** Opening SOURCE MATERIAL block **

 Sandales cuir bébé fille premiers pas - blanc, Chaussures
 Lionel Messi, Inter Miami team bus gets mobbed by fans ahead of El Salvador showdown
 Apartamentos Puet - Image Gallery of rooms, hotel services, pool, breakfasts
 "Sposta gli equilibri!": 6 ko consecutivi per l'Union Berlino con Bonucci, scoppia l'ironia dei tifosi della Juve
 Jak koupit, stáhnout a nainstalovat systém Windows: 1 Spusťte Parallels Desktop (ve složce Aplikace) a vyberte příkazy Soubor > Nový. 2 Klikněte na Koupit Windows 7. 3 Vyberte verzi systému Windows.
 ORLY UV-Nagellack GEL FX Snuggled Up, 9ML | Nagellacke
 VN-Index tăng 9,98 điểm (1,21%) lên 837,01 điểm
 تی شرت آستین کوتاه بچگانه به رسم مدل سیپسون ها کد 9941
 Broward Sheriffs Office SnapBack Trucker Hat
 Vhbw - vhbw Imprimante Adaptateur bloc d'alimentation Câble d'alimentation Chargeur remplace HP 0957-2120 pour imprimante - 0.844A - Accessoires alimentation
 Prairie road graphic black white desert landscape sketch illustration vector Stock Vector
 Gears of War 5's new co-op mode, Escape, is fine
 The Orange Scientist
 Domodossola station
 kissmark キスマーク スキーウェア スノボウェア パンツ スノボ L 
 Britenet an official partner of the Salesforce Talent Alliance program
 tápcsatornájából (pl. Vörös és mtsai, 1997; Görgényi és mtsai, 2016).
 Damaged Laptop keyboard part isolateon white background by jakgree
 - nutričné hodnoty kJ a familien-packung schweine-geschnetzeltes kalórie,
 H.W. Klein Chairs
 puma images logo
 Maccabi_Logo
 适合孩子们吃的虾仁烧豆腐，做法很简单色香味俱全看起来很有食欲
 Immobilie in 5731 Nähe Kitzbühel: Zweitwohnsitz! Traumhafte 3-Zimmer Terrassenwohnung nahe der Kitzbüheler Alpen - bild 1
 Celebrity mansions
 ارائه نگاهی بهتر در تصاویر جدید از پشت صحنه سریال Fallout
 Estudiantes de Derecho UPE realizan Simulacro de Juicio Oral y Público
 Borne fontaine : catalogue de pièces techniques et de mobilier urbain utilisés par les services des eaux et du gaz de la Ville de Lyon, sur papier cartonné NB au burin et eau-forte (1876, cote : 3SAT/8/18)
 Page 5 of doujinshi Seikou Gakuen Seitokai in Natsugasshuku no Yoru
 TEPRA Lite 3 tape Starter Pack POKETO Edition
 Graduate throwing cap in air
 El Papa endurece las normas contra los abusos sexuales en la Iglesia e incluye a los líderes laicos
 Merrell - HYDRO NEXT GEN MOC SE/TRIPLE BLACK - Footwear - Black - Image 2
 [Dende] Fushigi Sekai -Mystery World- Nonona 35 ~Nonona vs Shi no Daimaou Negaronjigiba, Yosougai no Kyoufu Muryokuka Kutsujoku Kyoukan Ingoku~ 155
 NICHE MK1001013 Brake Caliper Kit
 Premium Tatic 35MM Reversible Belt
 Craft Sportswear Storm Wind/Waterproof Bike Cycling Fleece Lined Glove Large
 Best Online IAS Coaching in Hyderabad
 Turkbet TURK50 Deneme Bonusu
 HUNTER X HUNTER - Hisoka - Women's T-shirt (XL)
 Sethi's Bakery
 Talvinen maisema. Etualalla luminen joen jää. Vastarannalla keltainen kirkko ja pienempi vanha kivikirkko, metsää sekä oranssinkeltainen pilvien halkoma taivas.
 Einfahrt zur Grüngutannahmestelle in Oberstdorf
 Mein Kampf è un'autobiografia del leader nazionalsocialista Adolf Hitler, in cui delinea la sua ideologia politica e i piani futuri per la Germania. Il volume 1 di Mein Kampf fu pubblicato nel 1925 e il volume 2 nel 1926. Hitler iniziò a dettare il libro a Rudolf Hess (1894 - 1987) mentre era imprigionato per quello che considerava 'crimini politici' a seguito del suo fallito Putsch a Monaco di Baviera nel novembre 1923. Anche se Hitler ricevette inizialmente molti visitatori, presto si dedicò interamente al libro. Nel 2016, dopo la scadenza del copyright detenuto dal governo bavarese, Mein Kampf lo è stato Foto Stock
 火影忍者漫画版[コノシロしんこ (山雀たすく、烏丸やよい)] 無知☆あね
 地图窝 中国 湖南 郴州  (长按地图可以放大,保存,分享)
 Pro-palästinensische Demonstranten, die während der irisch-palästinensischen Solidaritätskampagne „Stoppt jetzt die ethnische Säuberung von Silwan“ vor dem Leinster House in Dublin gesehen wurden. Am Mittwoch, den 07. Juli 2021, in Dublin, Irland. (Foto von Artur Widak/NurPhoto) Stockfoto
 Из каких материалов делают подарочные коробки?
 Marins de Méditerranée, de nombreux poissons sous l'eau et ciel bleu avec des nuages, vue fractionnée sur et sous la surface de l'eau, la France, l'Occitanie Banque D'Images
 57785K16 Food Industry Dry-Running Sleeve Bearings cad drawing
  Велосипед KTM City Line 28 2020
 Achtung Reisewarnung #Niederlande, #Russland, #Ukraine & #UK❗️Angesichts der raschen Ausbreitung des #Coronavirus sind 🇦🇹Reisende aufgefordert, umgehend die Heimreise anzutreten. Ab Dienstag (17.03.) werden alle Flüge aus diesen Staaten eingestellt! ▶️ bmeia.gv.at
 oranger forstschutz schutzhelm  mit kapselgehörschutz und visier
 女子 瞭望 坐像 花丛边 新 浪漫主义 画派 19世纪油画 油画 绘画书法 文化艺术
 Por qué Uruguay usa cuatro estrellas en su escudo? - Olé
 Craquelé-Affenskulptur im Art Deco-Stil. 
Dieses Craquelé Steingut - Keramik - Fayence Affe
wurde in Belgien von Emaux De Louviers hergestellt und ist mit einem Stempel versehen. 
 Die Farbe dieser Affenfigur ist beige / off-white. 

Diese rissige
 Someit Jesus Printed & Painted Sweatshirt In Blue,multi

** Closing SOURCE MATERIAL block **

## ACTIVITY
Where a line of the data above includes the string "Craquelé", pull it out.

## ANSWER SECTION
 Craquelé-Affenskulptur im Art Deco-Stil. 
Dieses Craquelé Steingut - Keramik - Fayence Affe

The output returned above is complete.